Ok I sprayed some degreaser on the engine, and rinsed it off with the hose like I have done several times before. This time it(91 se maxima) does not start. The stater engages, engine turns, I can smell gas, but it will not turn over. I have used a blower on the engine to dry it off but no luck. I do not even know where to start. can somebody help me?


----------



## internetautomart (Mar 8, 2004)

start at the distributor.
look for cracks in the cap and water under the cap.


----------



## mayfew (Aug 18, 2004)

Ok waited a few hours, still nothing. Then I pulled the wires, dried the ends and it started right up, no problems.


----------



## Rworlds (Apr 3, 2008)

Keep a can of wire dryer handy, sometimes mine wont start after a hard rain.


----------



## internetautomart (Mar 8, 2004)

Rworlds said:


> Keep a can of wire dryer handy, sometimes mine wont start after a hard rain.

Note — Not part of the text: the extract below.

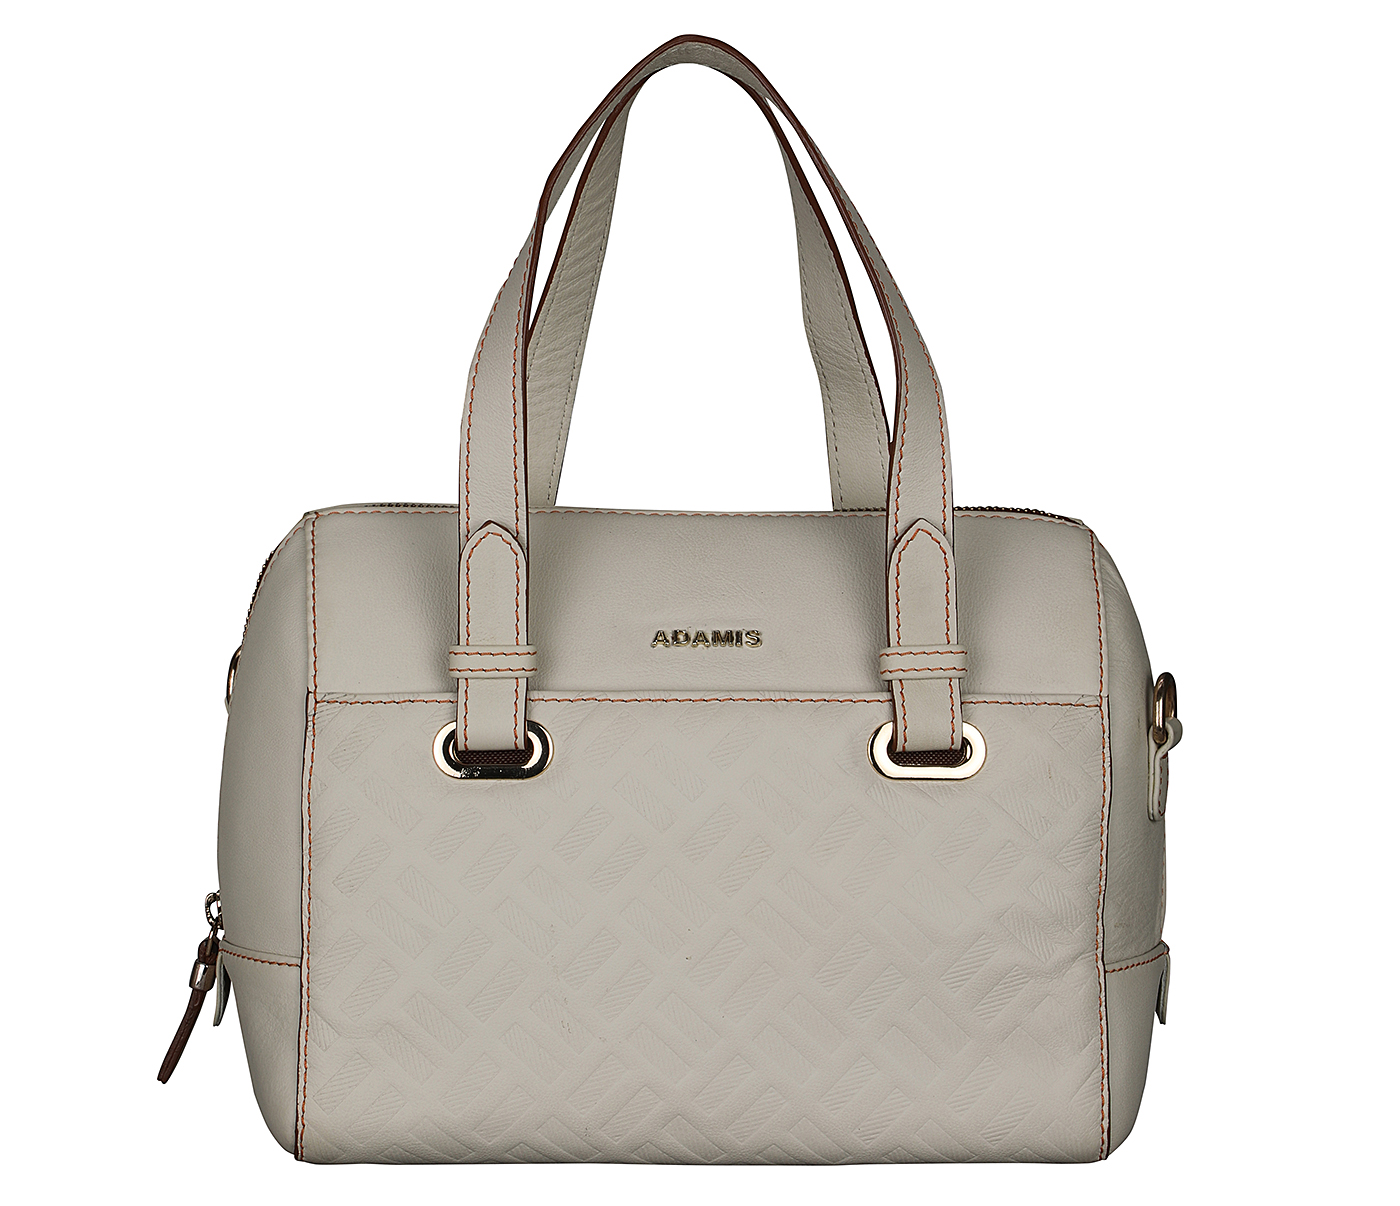 Handbag - B888

then you need to change your wires.


----------



## Rworlds (Apr 3, 2008)

I have changed them before and the problem still occurs.


----------



## internetautomart (Mar 8, 2004)

what about the cap?


----------



## Rworlds (Apr 3, 2008)

It was a little rusty, but i cleaned it off and works ok for now.


----------



## internetautomart (Mar 8, 2004)

if it was rusty then it probably isn't keeping water out and should be replaced.


----------



## Rworlds (Apr 3, 2008)

OK cool, i will do that.


----------